Ukrayna’yı da yine Selenge’den öğrendik. Vikinglerin gelip Hazar Yahudileri üzerinde egemenlik kurduğu, daha sonra gelen Batu Han’ın ordularının Kiev’i yerle bir ettiği, Kırım Hanlığı’na tekabül eden Tatar hanlıklarının kurulduğunu görüyoruz. “Kozak”ları görüyoruz. Hıristiyan olan Kozaklar bugünkü Kozaklardır, Müslüman ya da Şamanist olan Kozaklar ise Nogaylar ve Tatarları oluşturuyor.
Türk tarihinin en önemli kaynakları Selenge’deydi
Sadece Rusya tarihini değil, Türk tarihini de gerçekten veri temelinde Selenge Yayınları’na borçluyuz. Ayrıca; Kırgızistan, Özbekistan ve Kazakistan’ı Zeki Velidi Togan’ın Türk Türkolojisinden incelediğimiz zaman, bunların aynı kabilelerin farklı coğrafi bölgelerdeki adları olduğu görülür.
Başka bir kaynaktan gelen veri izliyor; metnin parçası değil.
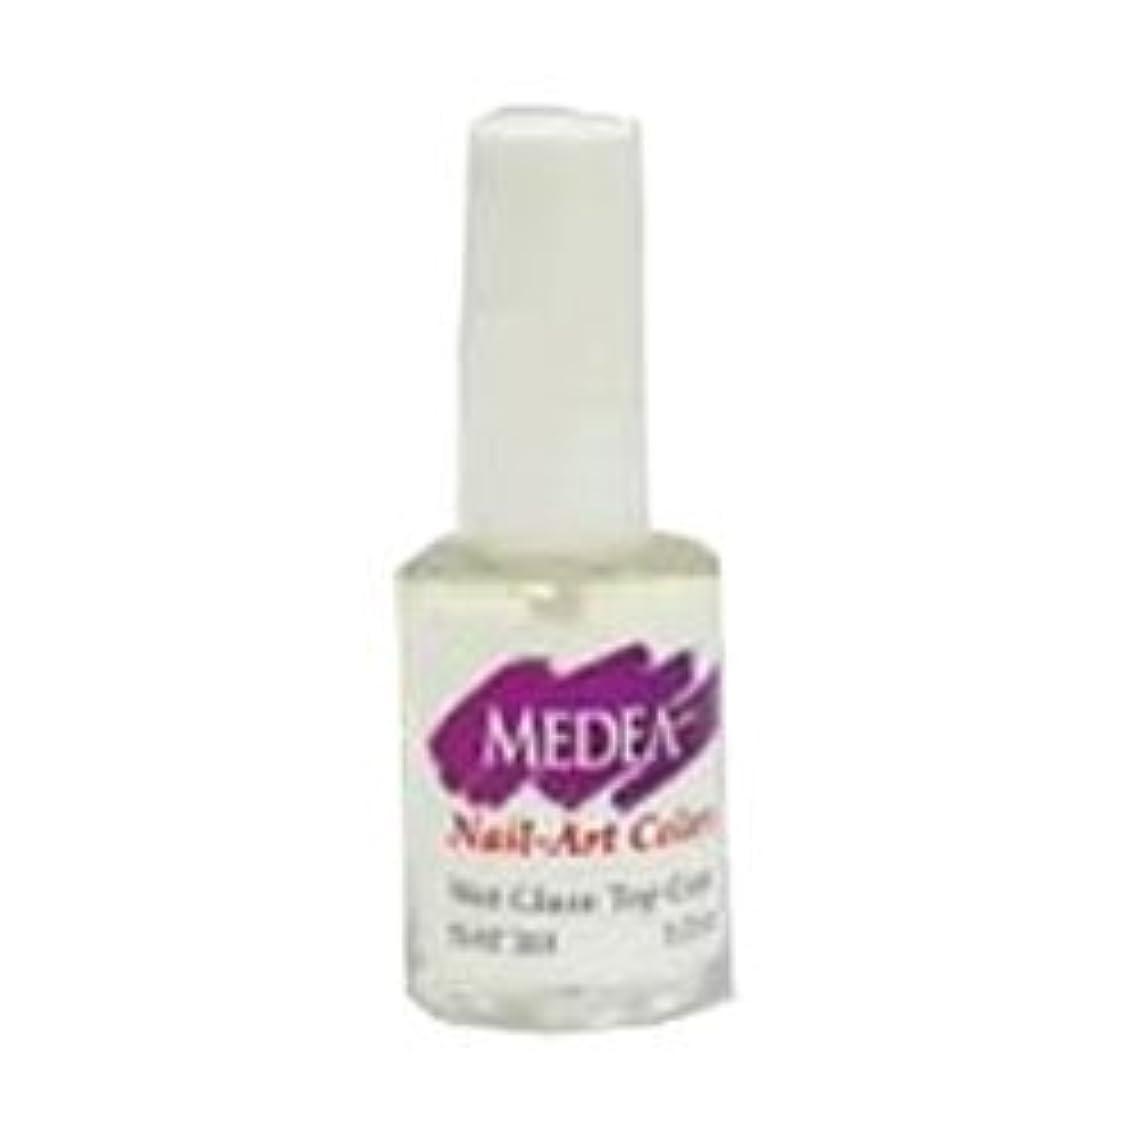 断言する休憩するアレルギー性ネイルカラー30ml トップコート NAT203

Cengiz Han’ın Altın Ordu sürecinde; Kazan’a, Kırım’a, Şeyban ordusuna ve Batı Orda’ya dağıttığı Altın Uruklar dışında, bu bölgede Kıpçak halklarını organize ederek oluşturduğu bir yapı vardır. Kazakistan’a da bu anlamda baktığımızda, detayla Argunlar, Kereyler, Kıpçaklar gibi esas olarak Altın Ordu uruklarının (Altın Uruk) olduğunu görmekteyiz. Bu sentez, Cengiz Han döneminde oluşmuştur.
Selenge Yayınları, bu bilgileri bize çok çıplak bir şekilde vermiştir. Mesela, Reşidüddin tarihini okuduğumuz zaman ilginç veriler vardır.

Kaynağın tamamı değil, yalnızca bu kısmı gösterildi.